JM: What would be the best way for us to follow you and your work online?

BK: As I say, I will be updating my website. I also tweet when I’m in the middle of a project. That’s @bonniekemske.

JM: Your website and then Twitter?

BK: Yeah, I think that’s probably the best bet.

JM: That’s bonniekemske.com?

BK: That’s right!

JM: Alright. Is there anything I haven’t asked that you’d like to talk about?

BK: The other thing thinking back on what we’ve talked about, there are a few other aspects of touch and making tactile art that I haven’t mentioned. One is that I think it creates community and relationship.

JM: How so?

BK: What I’ve observed is that complete strangers—granted, this is in Britain where people don’t talk to each other in general until they’ve been introduced. [laughs] Unlike Americans, when we stand in the grocery store line, we’ll chat about anything, won’t we? In Britain, if you chat about things in the supermarket queue, they think there must be something wrong with you.

In an art setting, when two people who have never met each other before sit down and there’s this tactile object between them, they start talking about it. What they do is they start telling stories about it. “You know, that reminds me of a big, fat cat I used to have when I was a little girl.”

I had one woman—this was very moving. She was from Iraq, and she said when she was a little girl, there was a huge rock outside the village that would get warm in the sun. When the women were in labor, they would go and lie against this rock. It was said that the rock would take their pain away. This experience had brought that up.

Another man who had been traveling for three years, he stopped in London and he was on his way home back to the Far East. He held one of these pieces. He started crying and he said, “It makes me realize how much I miss my family.” I think a tactile object can bring people together in such a positive way.

In addition to that, I often saw families using it. You would see a parent give a child one of the sculptures to hold or to hold against them if they were too heavy, then the parent would hug the child. I saw this with three-year-old children and with thirty-year-old children. [laughs]

JM: [laughs]

BK: The child would hold the sculpture and the parent would have their arm around the child. I found that very striking and very moving.
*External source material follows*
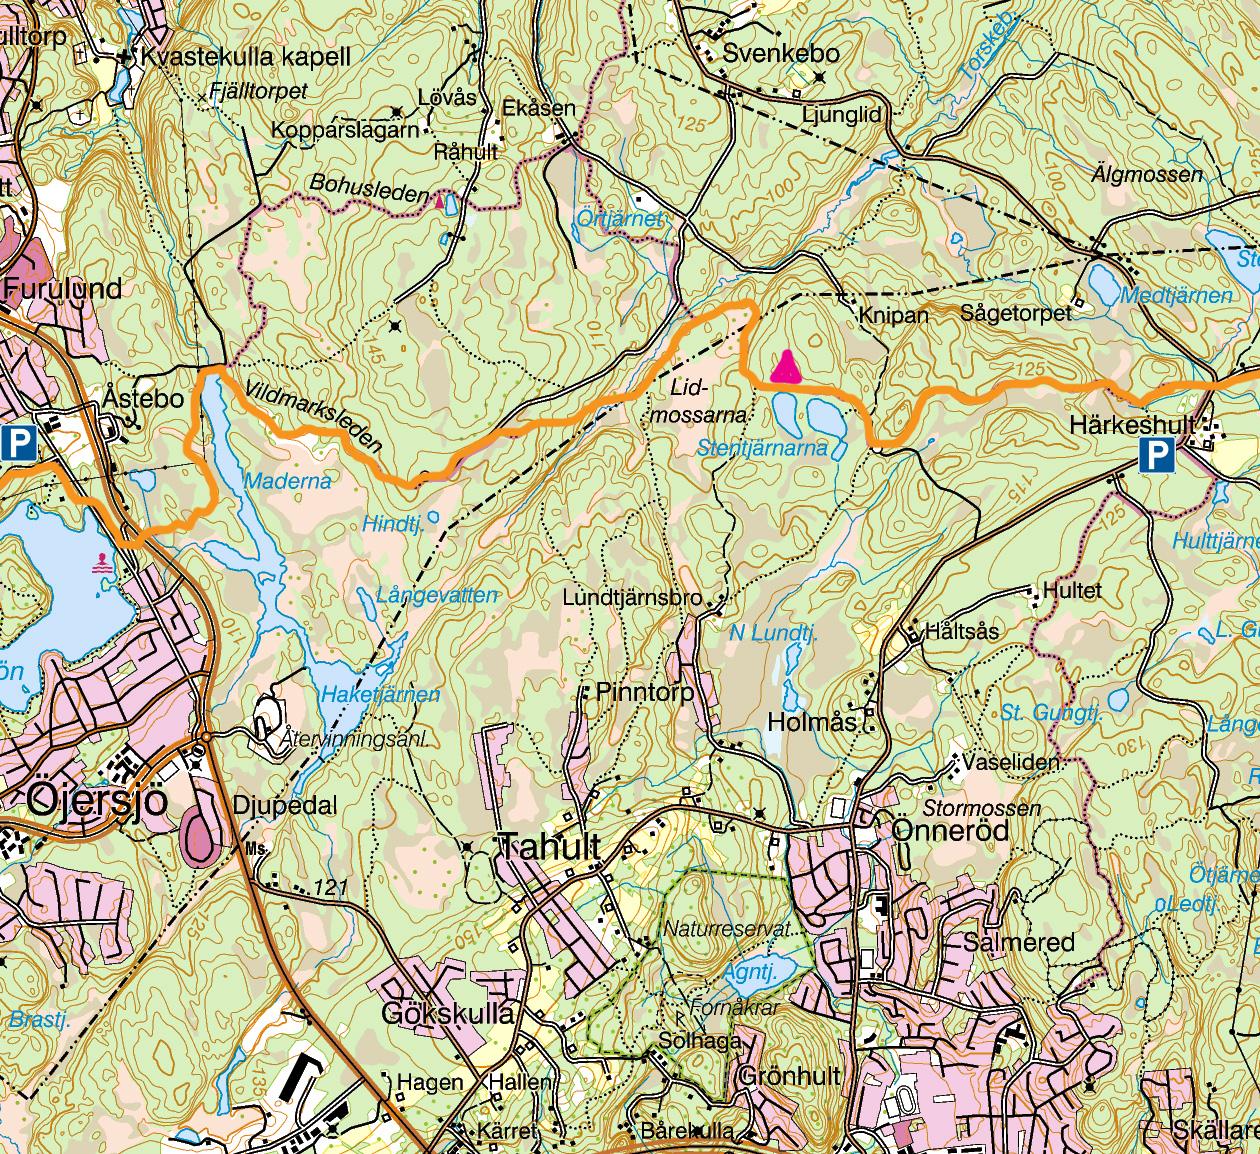 Karta Kåsjön - Härkeshult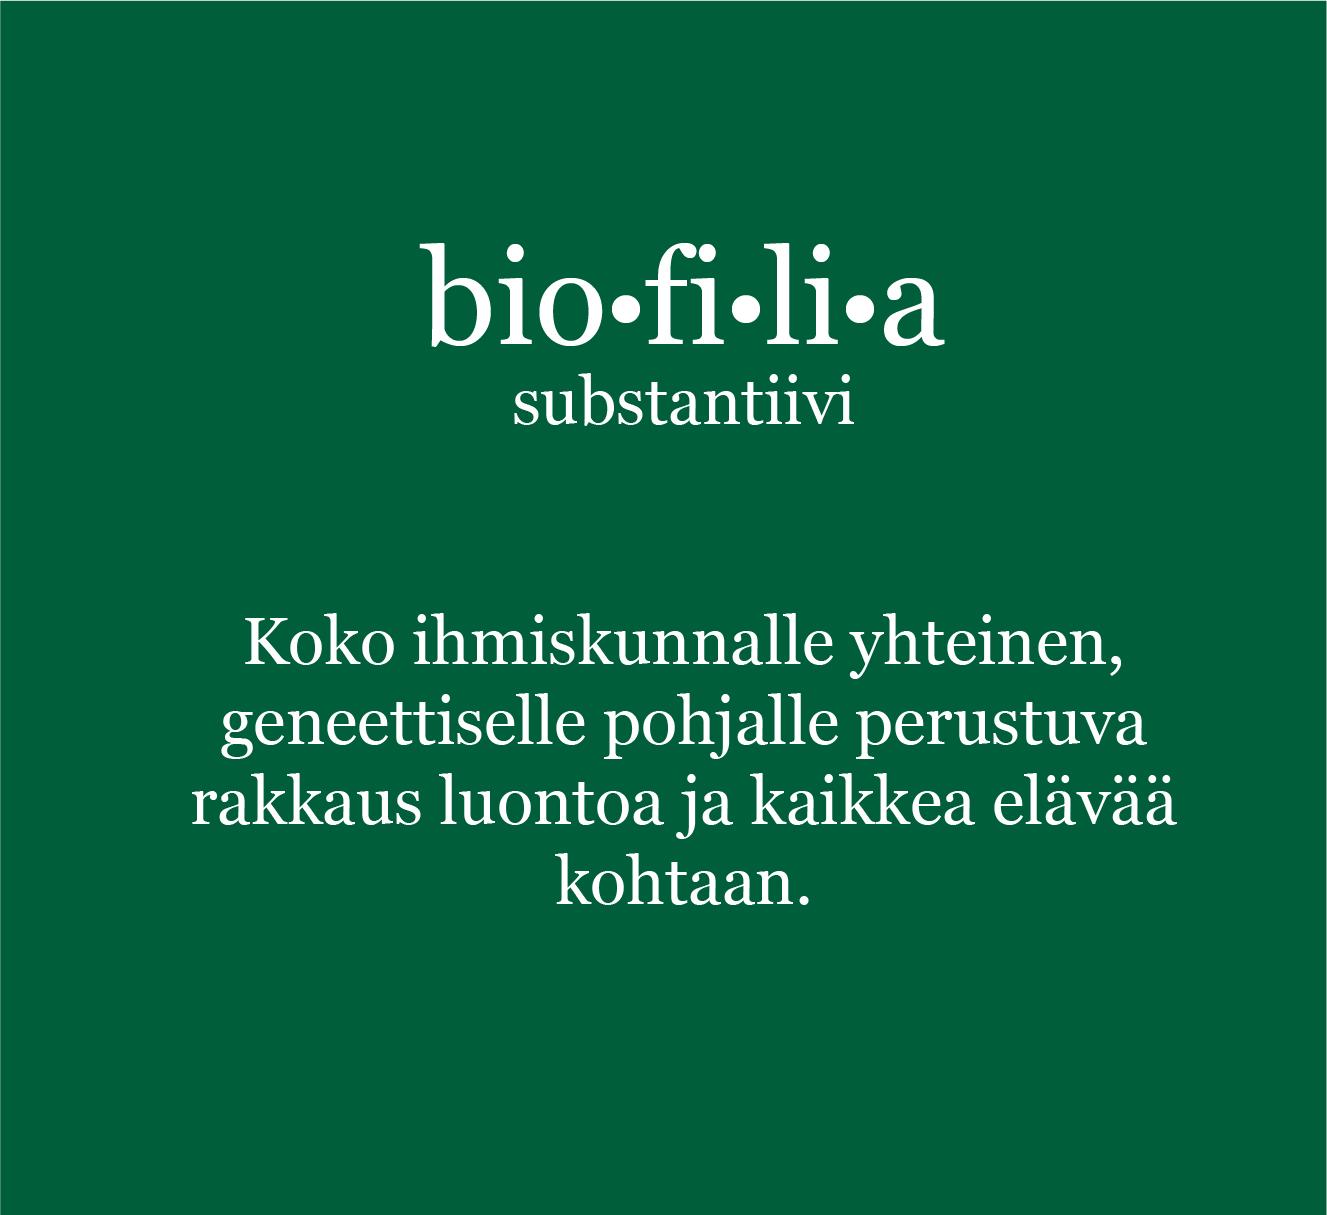 Biofilan määritelmä: koko ihmiskunnalle yhteinen, geneettiselle pohjalle perustava rakkaus luontoa ja kaikkea elävää kohtaan.

I think that, if we incorporate touch more in art, maybe that will help us to incorporate touch more in our society in general.

JM: To summarize everything, if your work had a message, what would you like for that message to say?

BK: Ooh. [pauses] Let the things you surround with give you comfort.

JM: Wow. [laughs] That’s very well put.

BK: Well, I hope it’s okay off the top of my head like that. [laughs]

JM: [laughs] No, that sounds great.

You’ve been very generous with your time and you sound like a lovely person. I really appreciate it.

BK: [laughs] That’s very sweet of you. I’ve enjoyed speaking with you, Josh.

JM: Yeah, this has been great. I hope you enjoy your day.

BK: Okay, you too. Take care.

Conclusion by Josh Morgan

What did you think of this episode? Let me know on Facebook or Twitter at pluralofyou, or contact me via the website at pluralofyou.org.

The Plural of You is produced by me, Josh Morgan, in sunny Edinboro, Pennsylvania. Mike Martinez created the music. Thanks to Sara Morales-Morgan for talking through this episode with me as I put it together.

You can find show notes, past episodes, and other resources on the website, and if you’d like to have the next episode sent to you automatically, visit pluralofyou.org/subscribe to subscribe to the podcast.

If you liked my talk with Bonnie, check out Episode 2 with Adam Greenfield. Adam and his neighbor started The Public Bench Project in San Francisco, and they build public benches for anyone in their neighborhood who asks. The effect they’ve had on bringing people together has been pretty impressive. You can find my talk with Adam at pluralofyou.org/002.

In closing, here’s a homework assignment.

I learned from Bonnie that a good way to make touch a thing again is to talk about it. Look for ways to share the benefits of touch with those you care about. Remember: not everybody likes being touched, but for some touch can be a gift that shows them you care.

That’s all for now. Thanks for helping.